• Dataset excerpt:
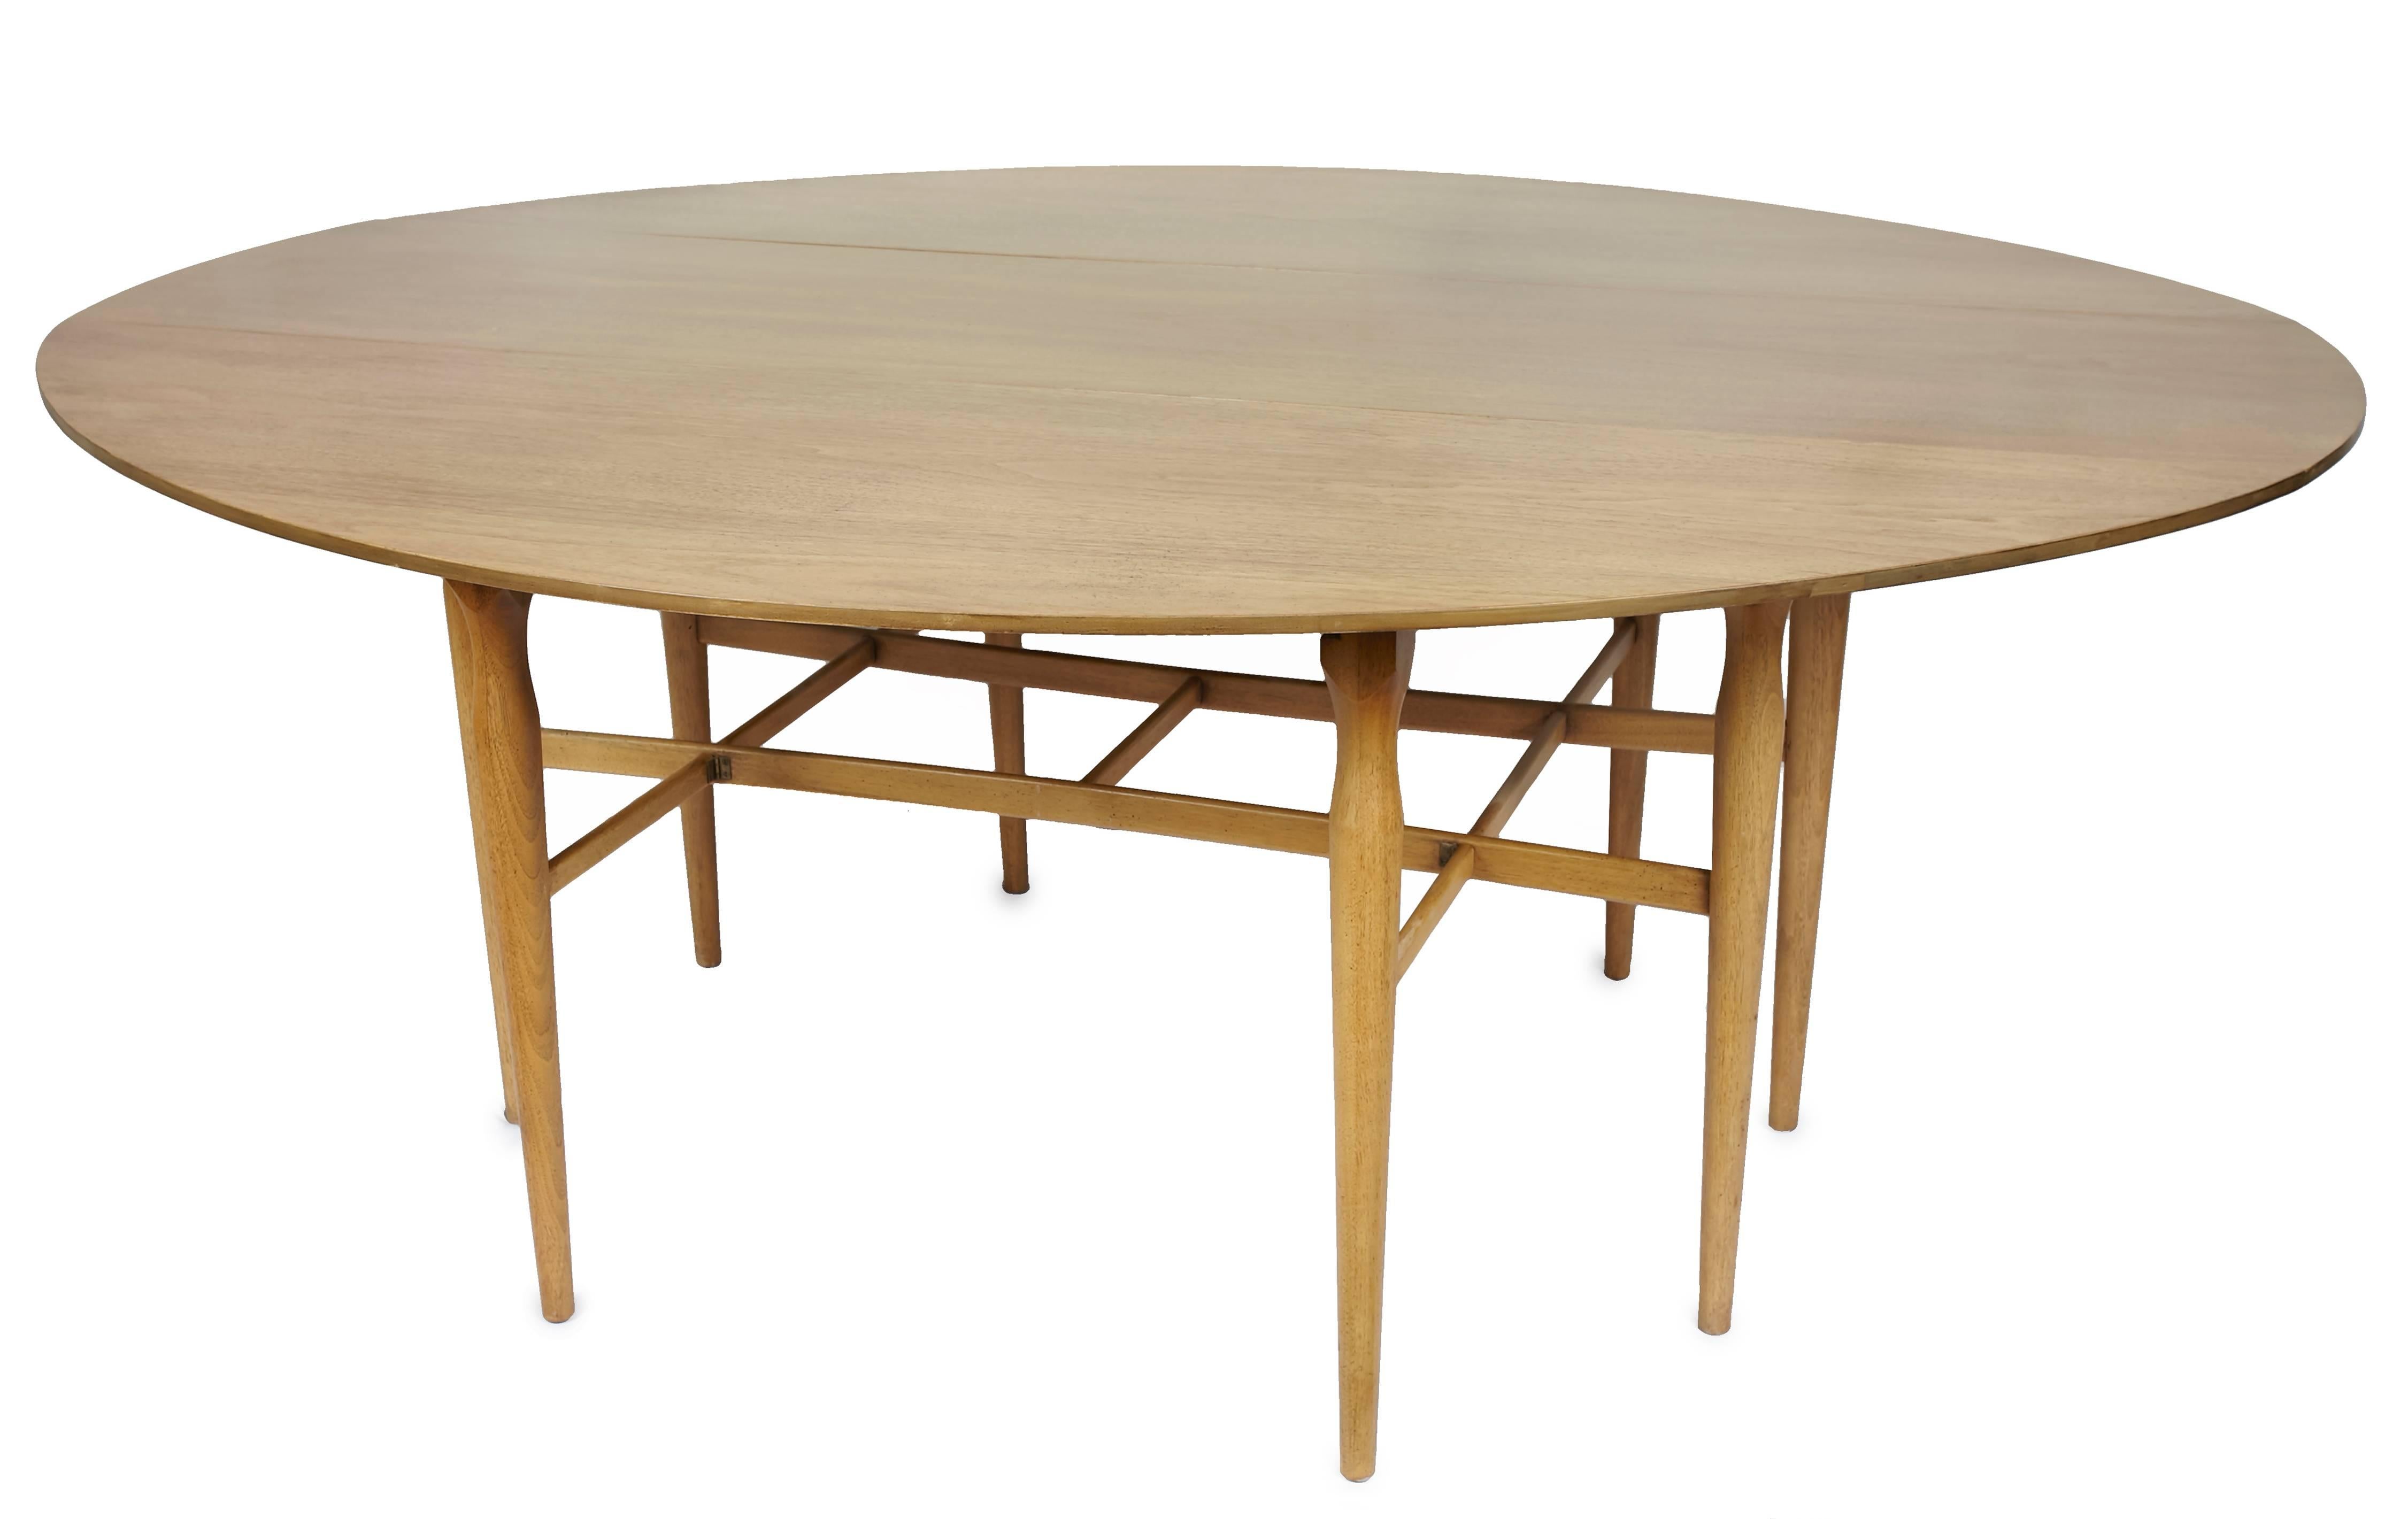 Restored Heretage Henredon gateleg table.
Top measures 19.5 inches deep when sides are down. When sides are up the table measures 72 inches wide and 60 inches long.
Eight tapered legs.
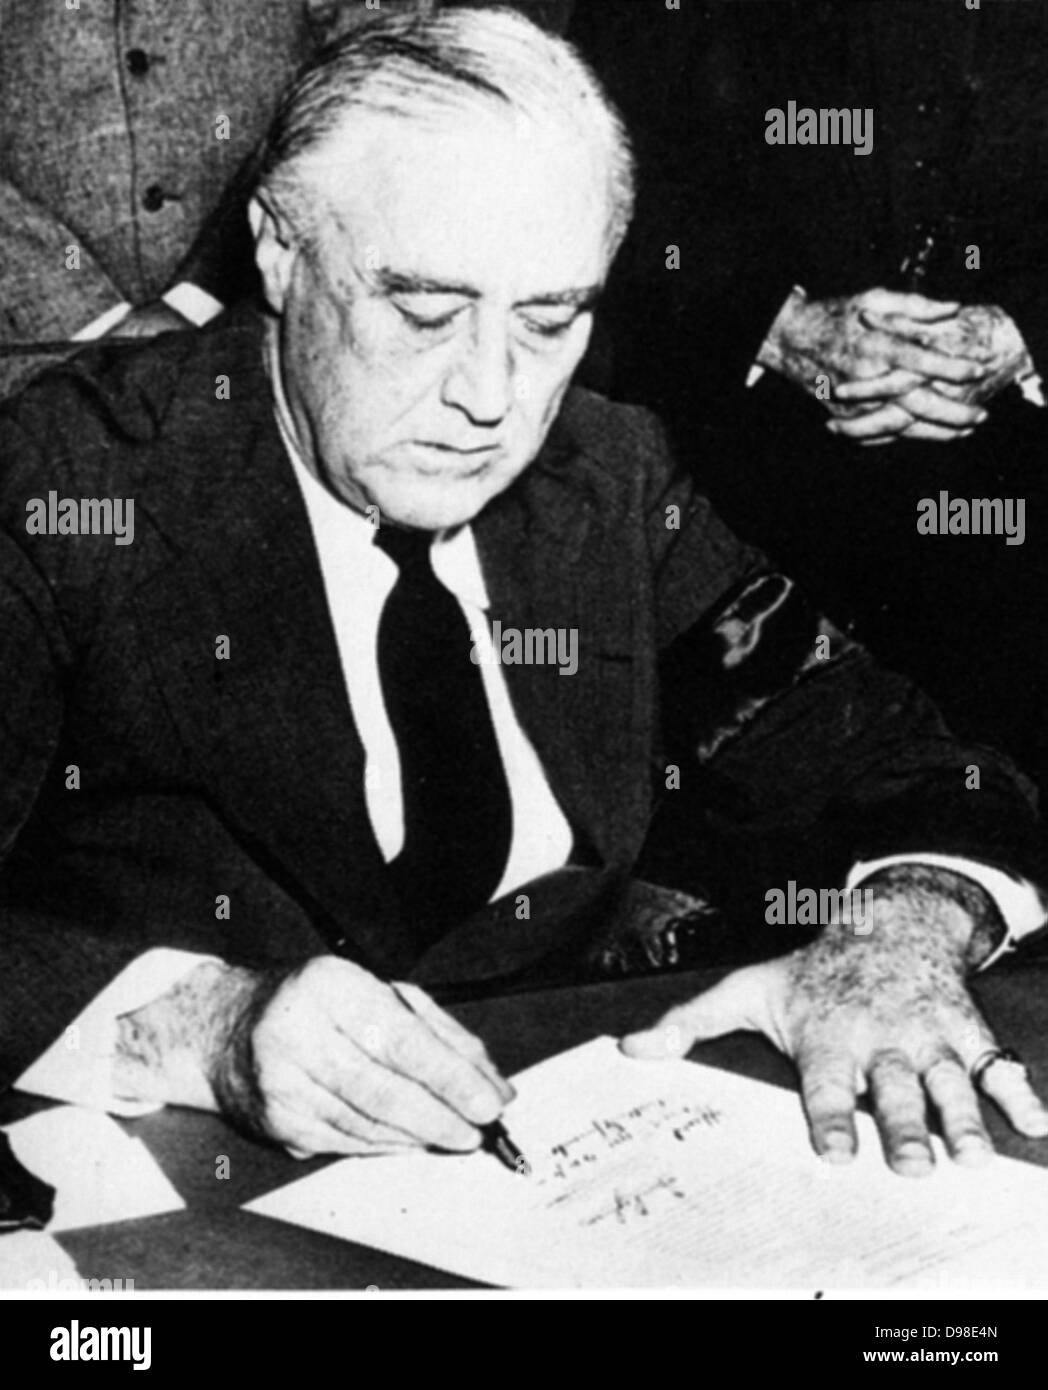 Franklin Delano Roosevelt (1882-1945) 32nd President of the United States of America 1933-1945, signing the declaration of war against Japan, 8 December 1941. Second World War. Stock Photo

• What needs to be done:
Wherever an image appears in the data, omit it and repeat everything else exactly.

• Solved problem:
 Restored Heretage Henredon gateleg table.
Top measures 19.5 inches deep when sides are down. When sides are up the table measures 72 inches wide and 60 inches long.
Eight tapered legs.
 Franklin Delano Roosevelt (1882-1945) 32nd President of the United States of America 1933-1945, signing the declaration of war against Japan, 8 December 1941. Second World War. Stock Photo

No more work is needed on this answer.